Yet, even as a reconstituted FARC-EP group emerged in Suárez, these peasant guards did not disappear. Instead, they appeared to keep a relatively autonomous role, while reflecting the growing insecurity of the post-demobilization landscape. In Suárez, for example, local leaders somehow participate in the shielding mechanism established by the FARC-EP Jaime Martínez Front in vetting entry for non-recommended outsiders. The JACs in the region provide letters of recommendation for people moving across the territory and the FARC-EP then enforce this form of control, participating thus in the co-construction of shielding (Figure 5). As one member explained “one way or another we have to have some relationship with the FARC because we are in the same territory, we face the same threats coming from other groups threatening our leaders” (Ca-02-f 2022).
This relationship was explicitly seen as co-constituted: “our goals are very similar, if not the same, and if they give us some help, we reply in kind with the peasant guards, because we help with territorial control. If either see anything strange, we cover each other’s backs” (Ca-01-f 2022). The peasant guards, for instance, also mobilized against anti-narcotics operations by police and army. “Here we have had no eradication nor fumigations,” say participants in Cauca, “the indigenous, the black, the peasant, all come together to defend each other” (Ca-03-f 2022). This demonstrates a contrast to the community’s engagement with the CDF in Putumayo, where—as previously discussed—the CDF’s order that the communities oppose anti-narcotics operations was met with discontent because the CDF were unwilling to provide backing.
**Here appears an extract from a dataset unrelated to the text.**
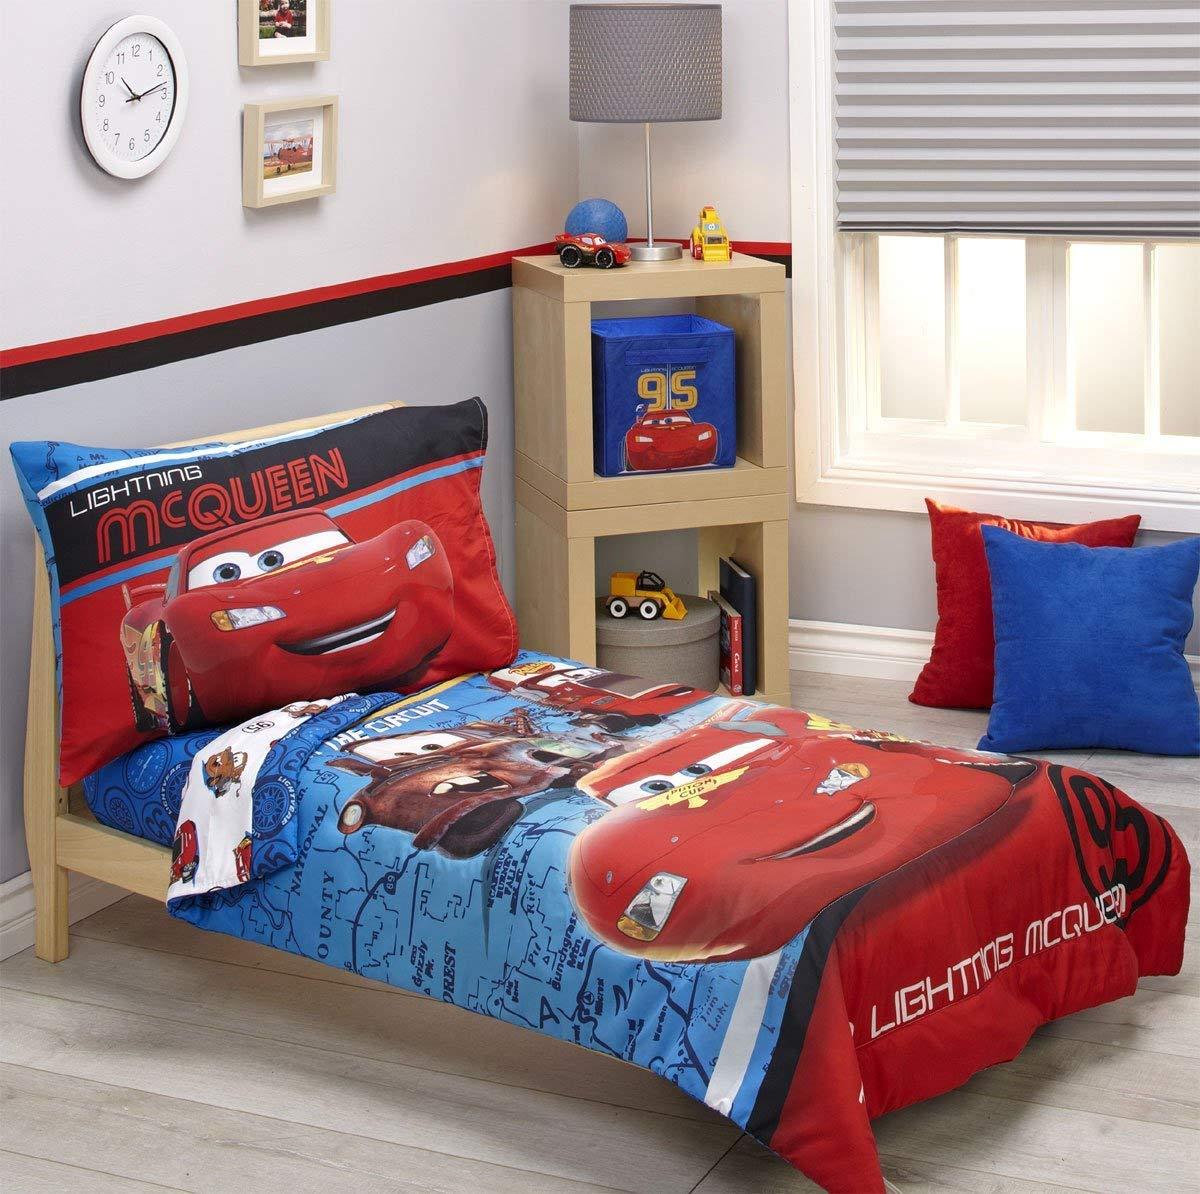 Disney Cars Team Lightening 4-Piece Toddler Bedding Set by Disney (Image #1)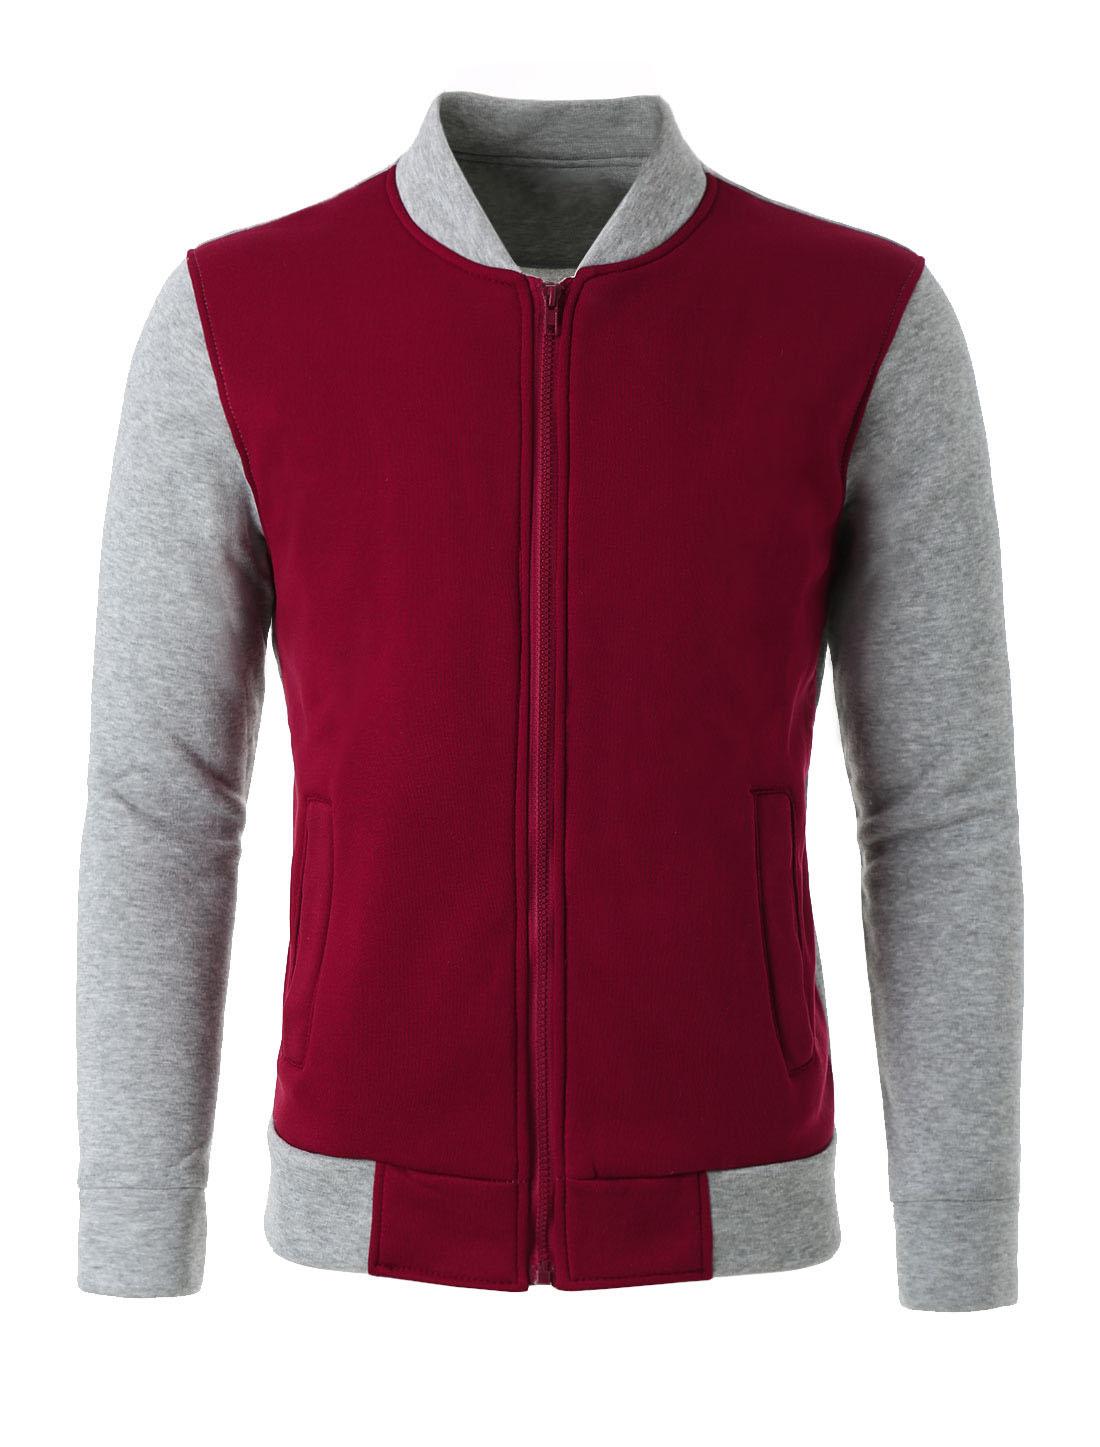 Men Stand Collar Color Block Zipper Front Long Sleeves Cozy Outdoor Varsity Jacket Burgundy Light Gray M

The peasant guards would also be involved in enforcing accountability from the rebels. In the example previously discussed of combatants in Suárez becoming disorderly and using their weapons, the peasant guard played a role in ensuring the reconstituted FARC-EP took appropriate action in disciplining their own young and inexperienced troops. According to a community leader and herself a member of the peasant guard, the FARC-EP:
in their regulations, they cannot attend a bar with guns, but some do not comply sometimes. If there’s an event, the peasant guard checks them, and if they are armed, they can’t go in, so they walk away, leave the gun behind and then come back. […] When we have had to tell them a few truths, we have done so, and there has been respect […] they have punished according to the nature of the trespass, and they had corrected this, for they listen to the communities. (Ca-03-f 2022)
The reconstituted FARC-EP therefore not only had to listen and respond to the demands by the community on what order and adjudication should look like based on previous experiences of rebel rule: the communities themselves used that blueprint to become more active in enforcing these governance priorities.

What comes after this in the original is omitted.